13.10 Funds Transfer Services Agreement shall mean any separate
agreement entered into between the Custodian and the Trust or its authorized
representative with respect to certain matters concerning the processing of
payment orders from Principal Accounts of the Trust.
13.11 Instruction(s) shall have the meaning assigned in Section 4.
13.12 Investment Advisor shall mean any person or entity who is an
Authorized Person to give Instructions with respect to the investment and
reinvestment of the Trust's Investments.
13.13 Investments shall mean any investment asset of the Trust,
including without limitation securities, bonds, notes, and debentures as well as
receivables, derivatives, contractual rights or entitlements and other
intangible assets.
13.14 Margin Account shall have the meaning set forth in Section
6.4 hereof.
13.15 Principal Account shall mean deposit accounts of the Trust
carried on the books of BBH&Co. as principal in accordance with Section 7.
13.16 Safekeeping Account shall mean an account established on the
books of the Custodian or any Subcustodian for purposes of segregating the
interests of the Trust (or clients of the Custodian or Subcustodian) from the
assets of the Custodian or any Subcustodian.
13.17 Securities Depository shall mean a central or book entry system
or agency established under Applicable Law for purposes of recording the
ownership and/or entitlement to investment securities for a given market.
13.18 Subcustodian shall mean each foreign bank appointed by the
Custodian pursuant to Section 8, but shall not include Securities Depositories.
13.19 Tri-Party Agreement shall have the meaning set forth in
Section 6.4 hereof.
14. Compensation. The Trust agrees to pay to the Custodian (a) a fee in an
amount set forth in the fee letter between the Trust and the Custodian in effect
on the date hereof or as amended from time to time, and (b) all out-of-pocket
expenses incurred by the Custodian, including the fees and expenses of all
Subcustodians, and payable from time to time. Amounts payable by the Trust under
and pursuant to this Section 14 shall be payable by wire transfer to the
Custodian at BBH&Co. in New York, New York.

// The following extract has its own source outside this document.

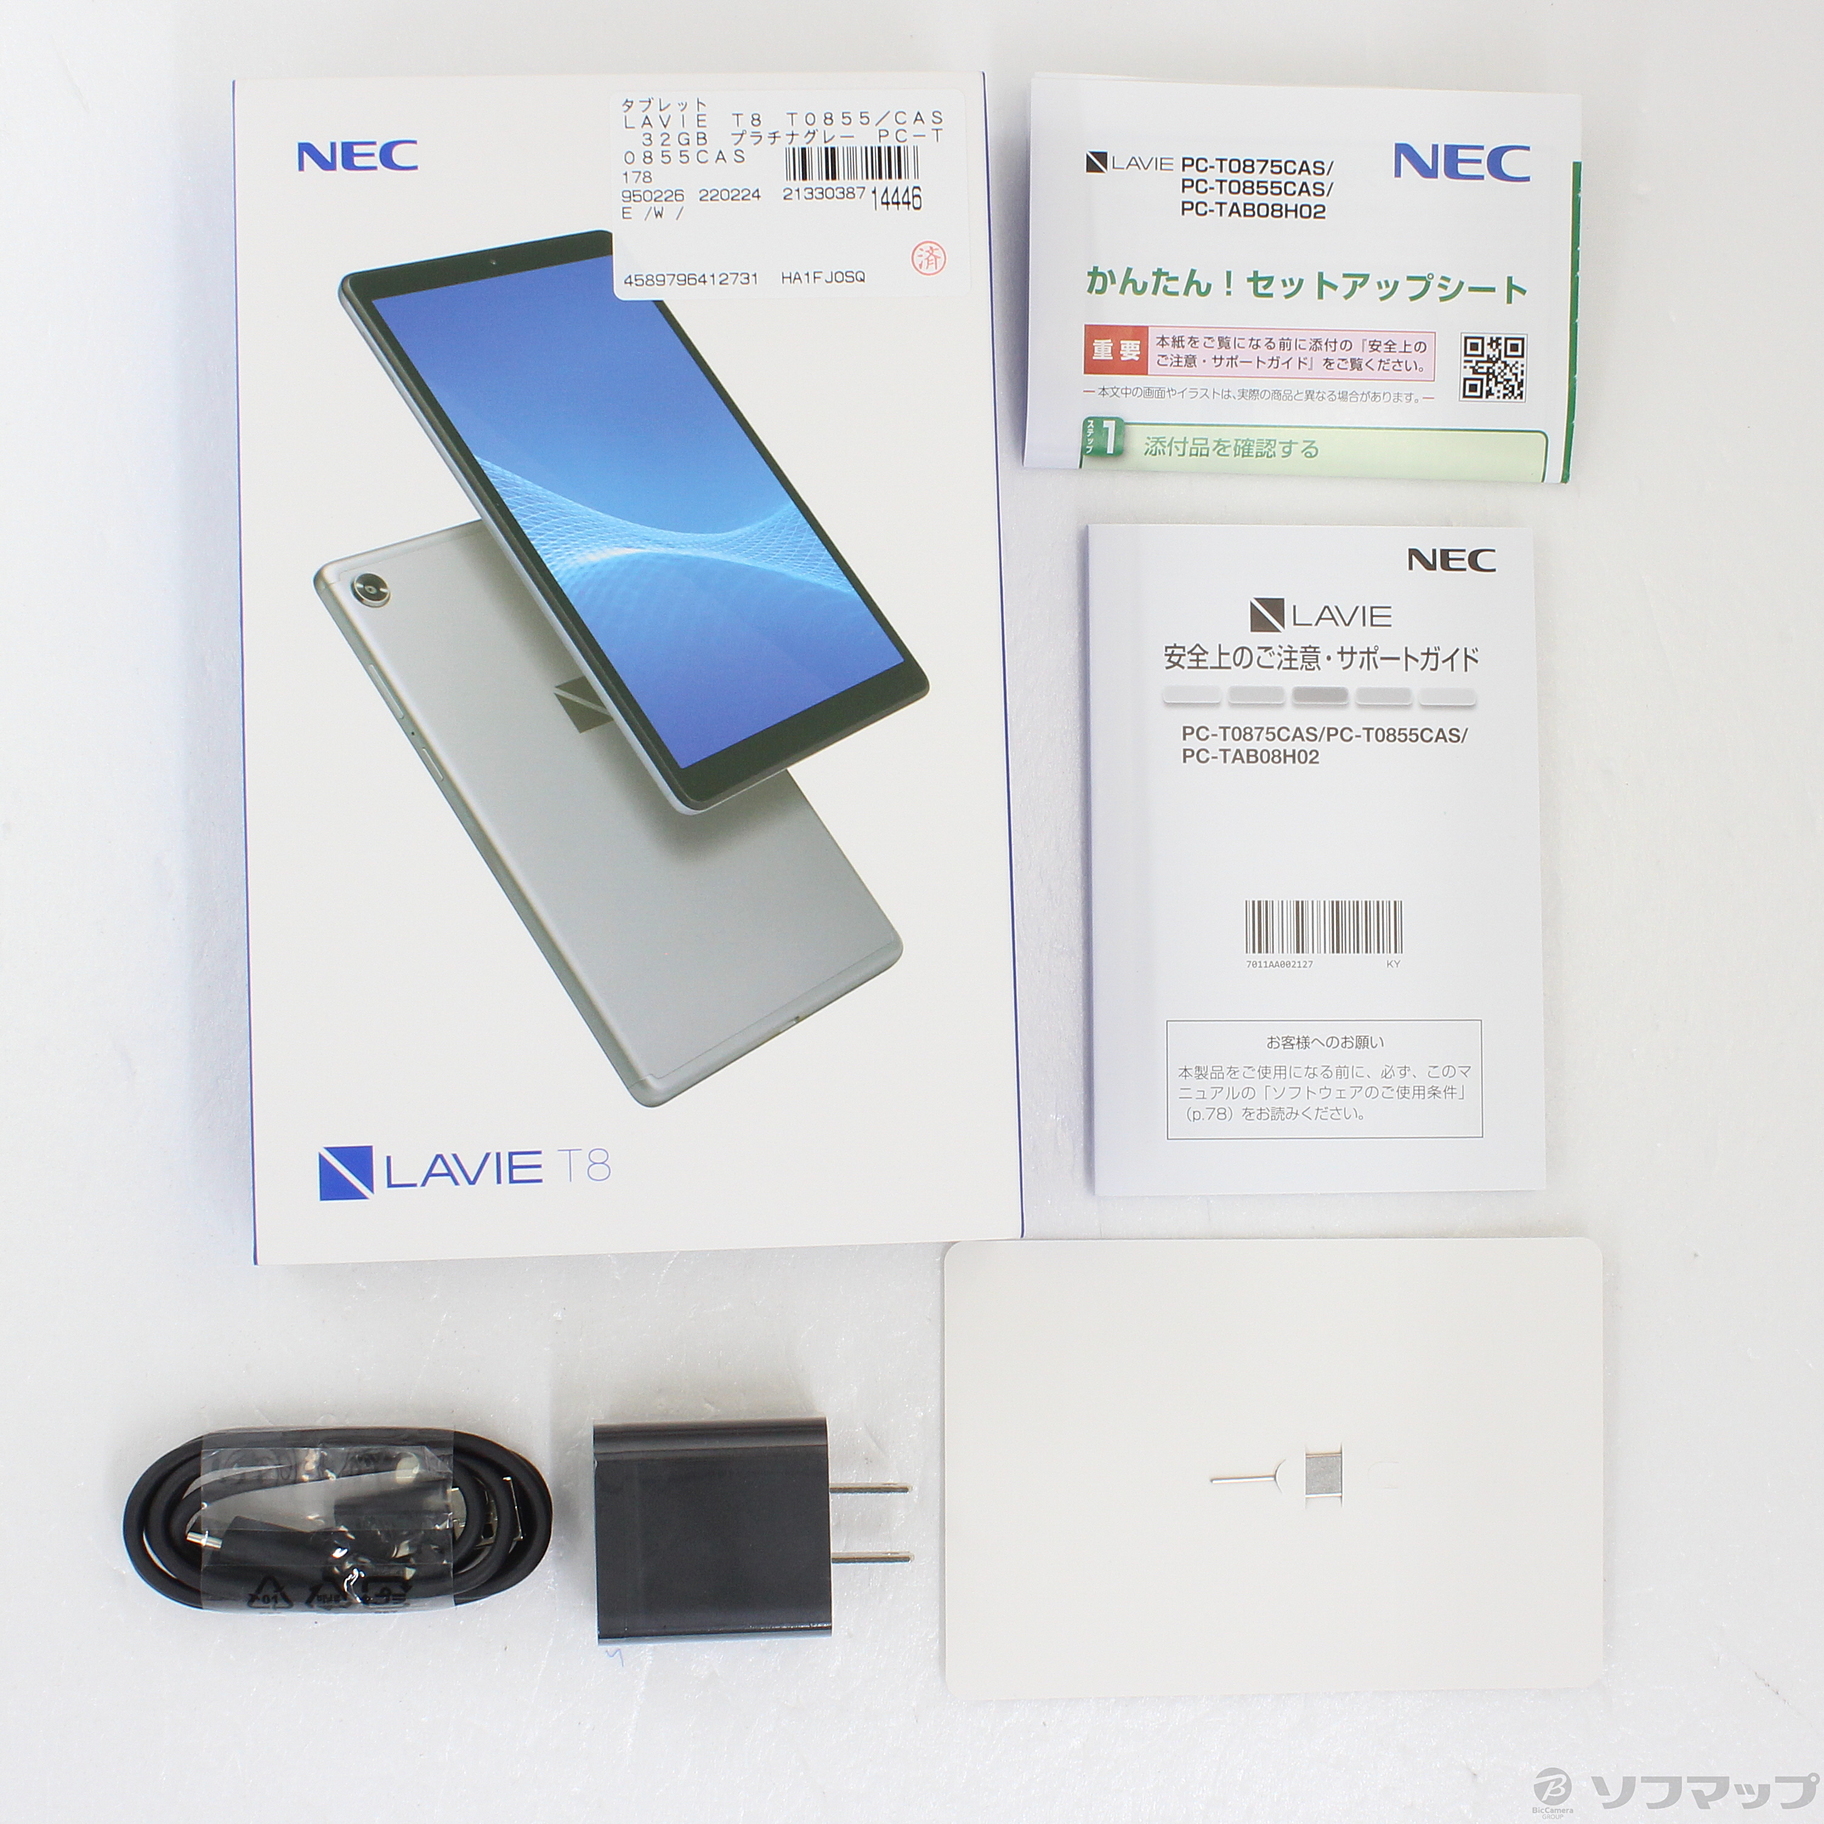 NEC PC-TAB08H02 LAVIE T8

15. Termination. This Agreement may be terminated by either party in accordance
with the provisions of this Section. The provisions of this Agreement and any
other rights or obligations incurred or accrued by any party hereto prior to
termination of this Agreement shall survive any termination of this Agreement.
15.1 Notice and Effect. This Agreement may be terminated by
either party by written notice effective no sooner than seventy-five
days following the date that notice to such effect shall be delivered
to other party at its address set forth in paragraph 12.5 hereof.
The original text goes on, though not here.